Anziaic acid
- Names: IUPAC name 4-(2,4-Dihydroxy-6-pentylbenzoyl)oxy-2-hydroxy-6-pentylbenzoic acid

Identifiers
- CAS Number: 641-68-9;
- 3D model (JSmol): Interactive image;
- ChEBI: CHEBI:144192;
- ChEMBL: ChEMBL3134416;
- ChemSpider: 31104179;
- PubChem CID: 12306720;
- CompTox Dashboard (EPA): DTXSID901169856 ;

Properties
- Chemical formula: C_{24}H_{30}O_{7}
- Molar mass: 430.5 g/mol
- Melting point: 122 °C (252 °F; 395 K) dec

= Anziaic acid =

Carboxylate ester

Anziaic acid is a depside found in lichens. It gives a red reaction in the C test. The two phenolic rings have a pentyl side chain. It is an ester dimer of olivetolic acid.

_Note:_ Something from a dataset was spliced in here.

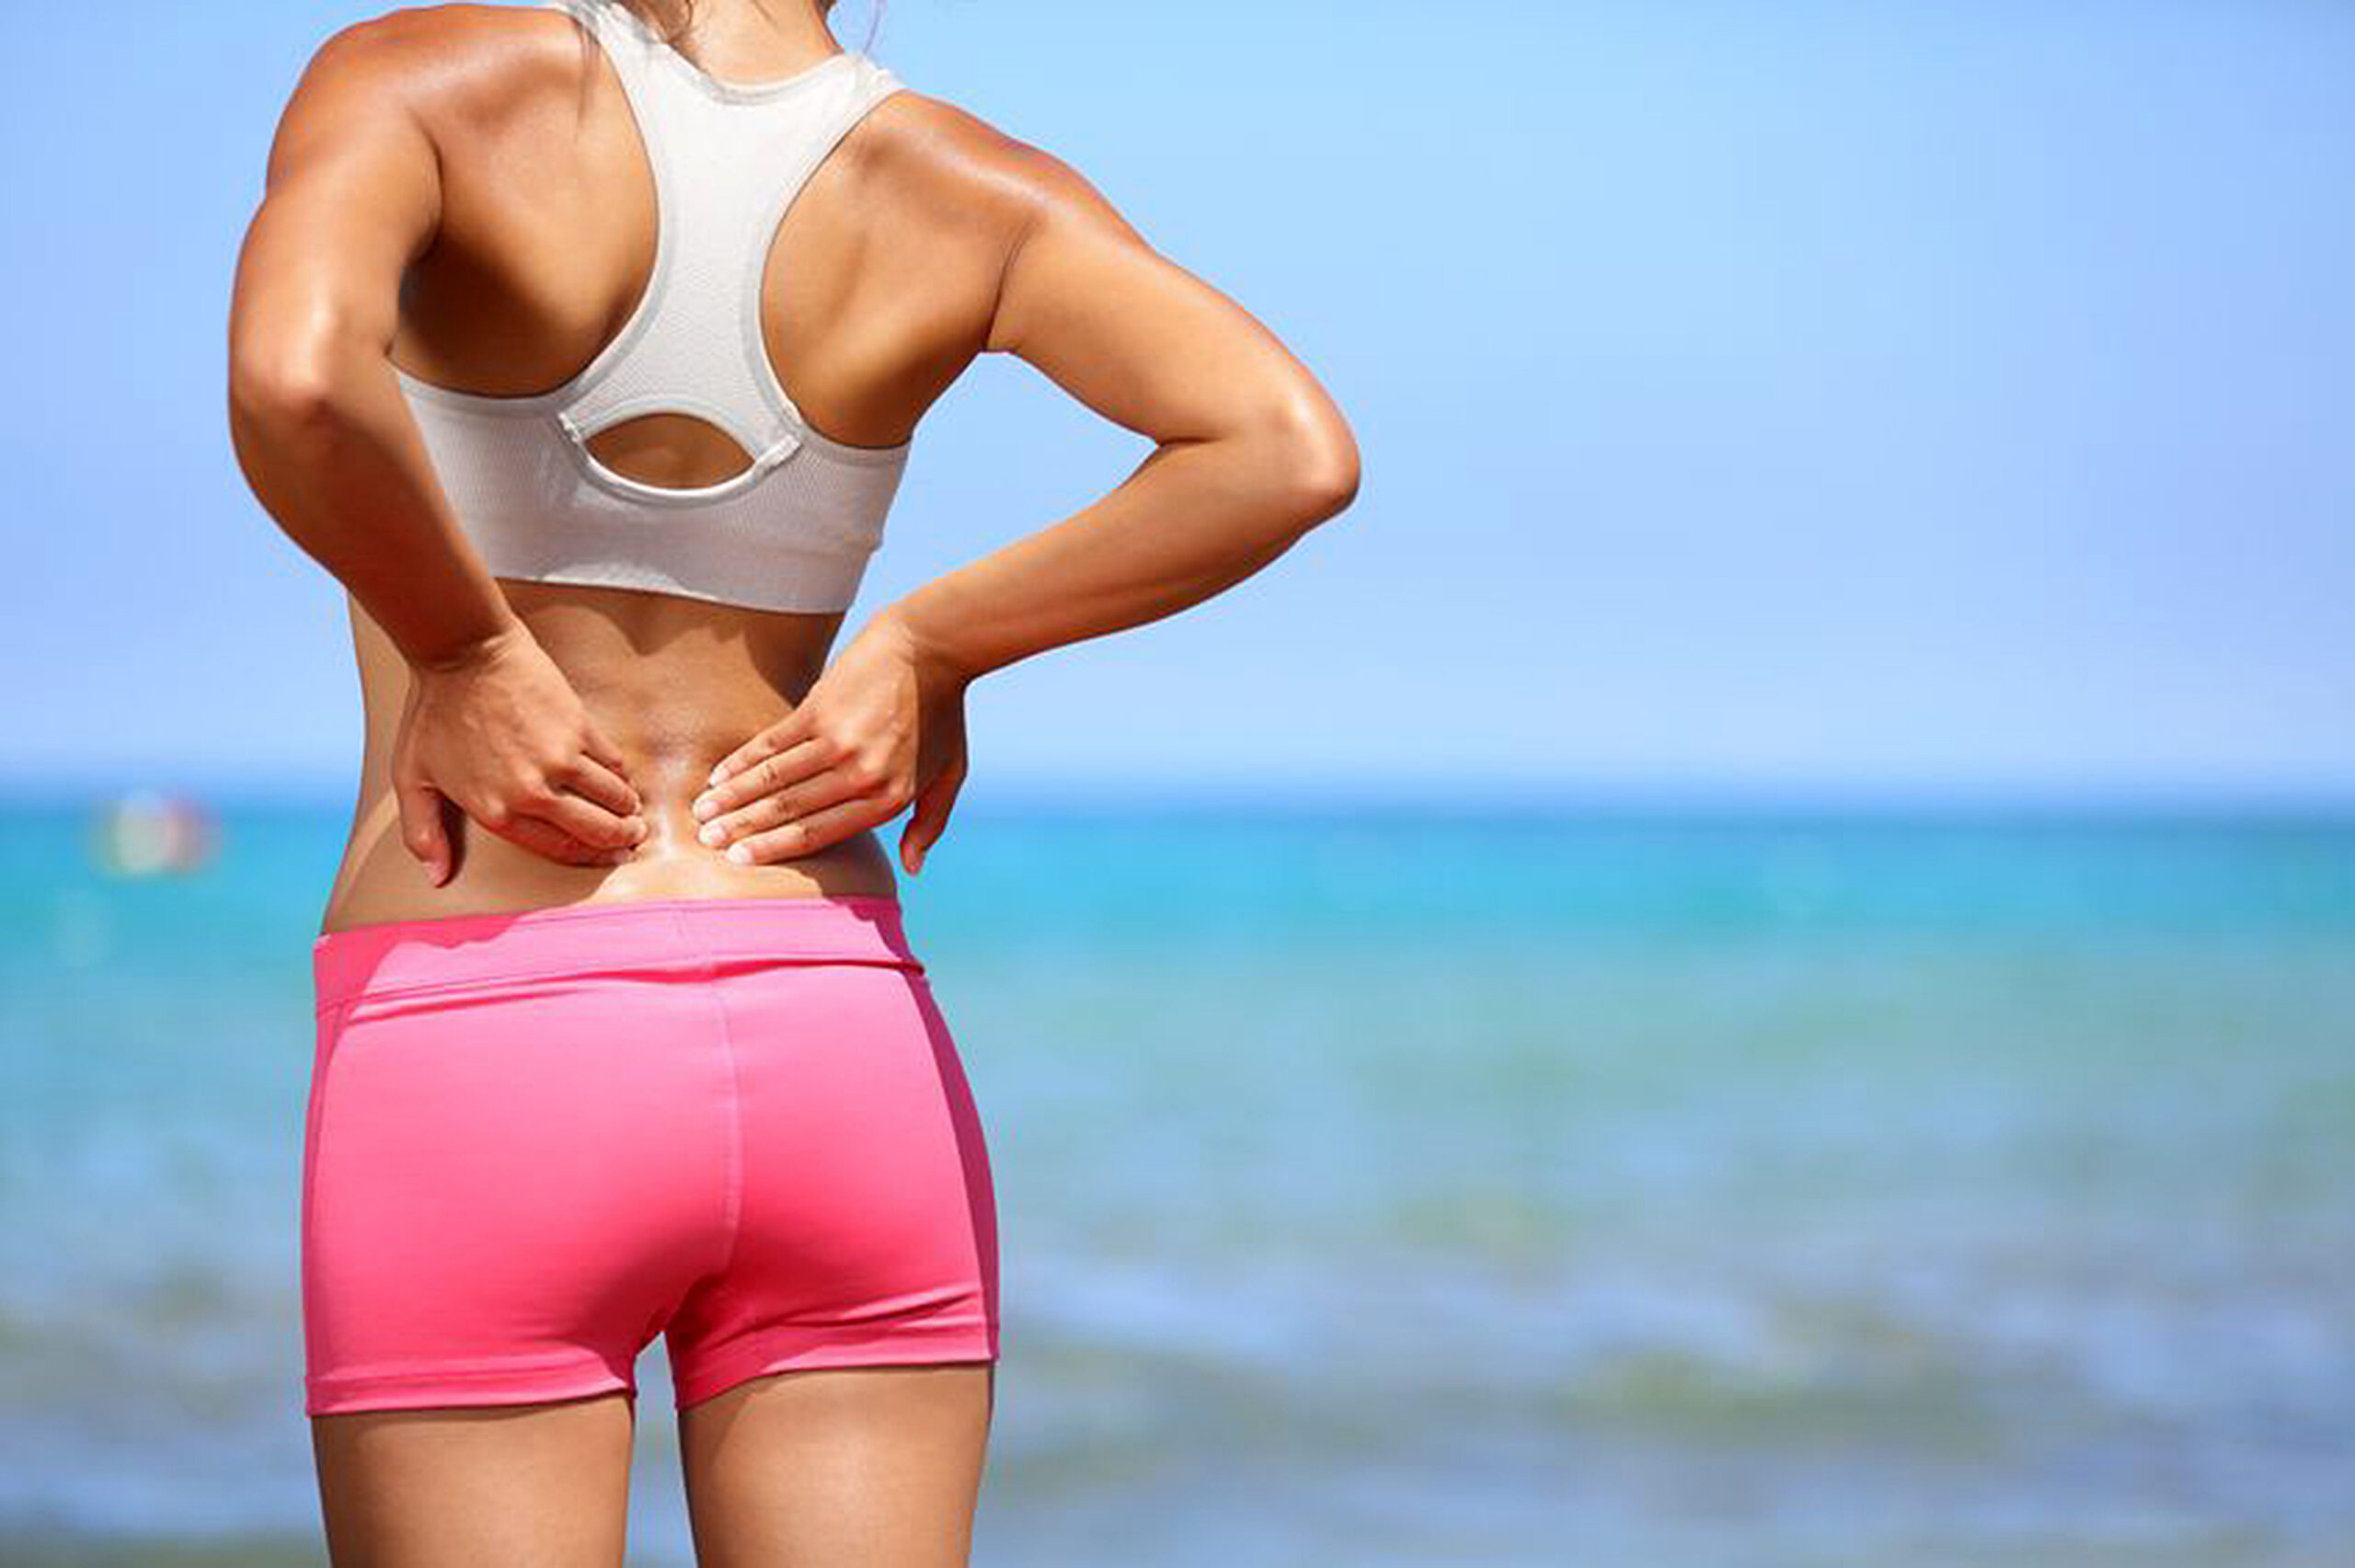 20996111 - back pain. athletic woman in pink sportswear standing at the seaside rubbing the muscles of her lower back, cropped torso portrait.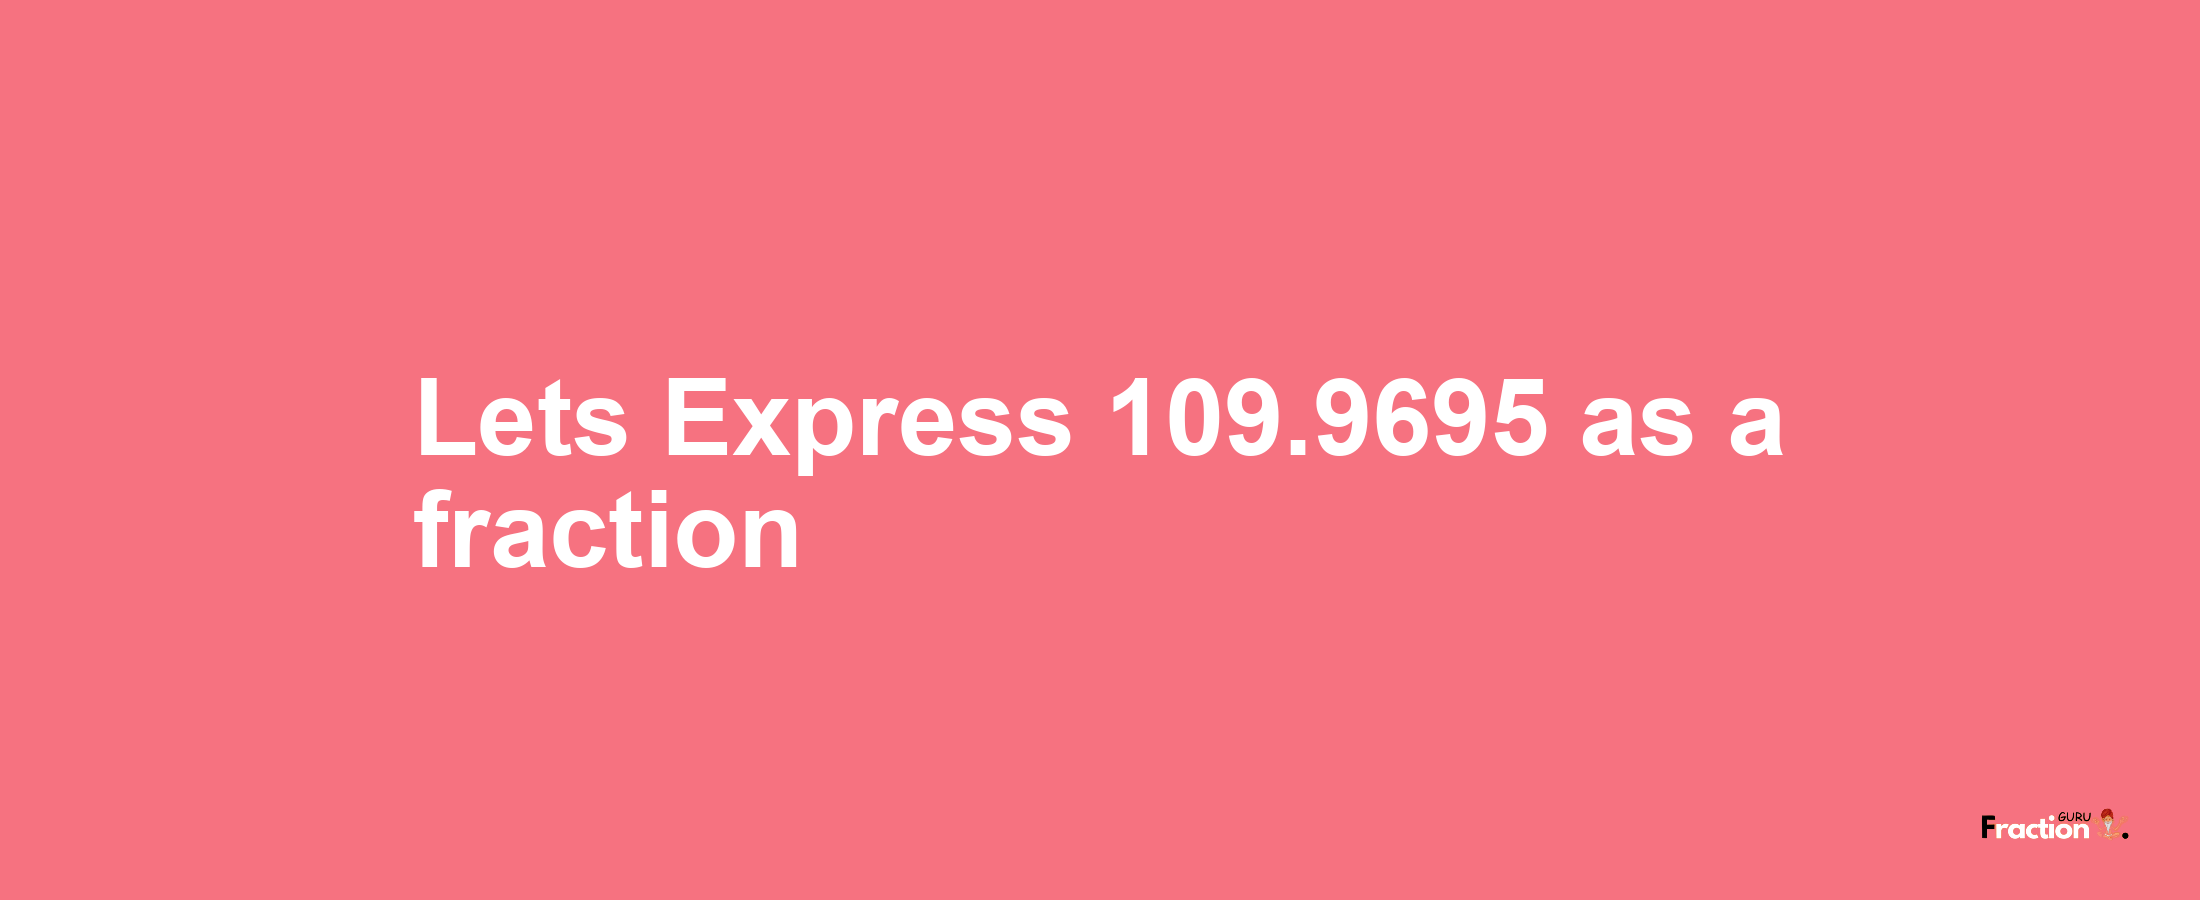 Lets Express 109.9695 as afraction

Anziaic acid works as an antibacterial compound by inhibiting topoisomerase.

==Production==
Anziaic acid has been artificially produced from olivetolic acid by benzylation of the O-phenol positions, and then condensing with trifluoroacetic anhydride.
==Properties==
Anziaic acid is colourless. It can be dissolved in ethanol, ethanol-water mixture, or cyclohexane-benzene mixture.
==Related==
Perlatolic acid, dihydropicrolichenic acid, 2'-O-methylanziaic acid, 2-O-methylperlatolic acid, 2'-O-methylperlatolic and planaic acid are derivatives of anziaic acid, where a methyl group replaces a hydrogen in some of the hydroxy positions on the rings.

==Occurrence==
Anziaic acid is found in Parmeliaceae including Hypotrachyna, Stereocaulon, and Cetrelia.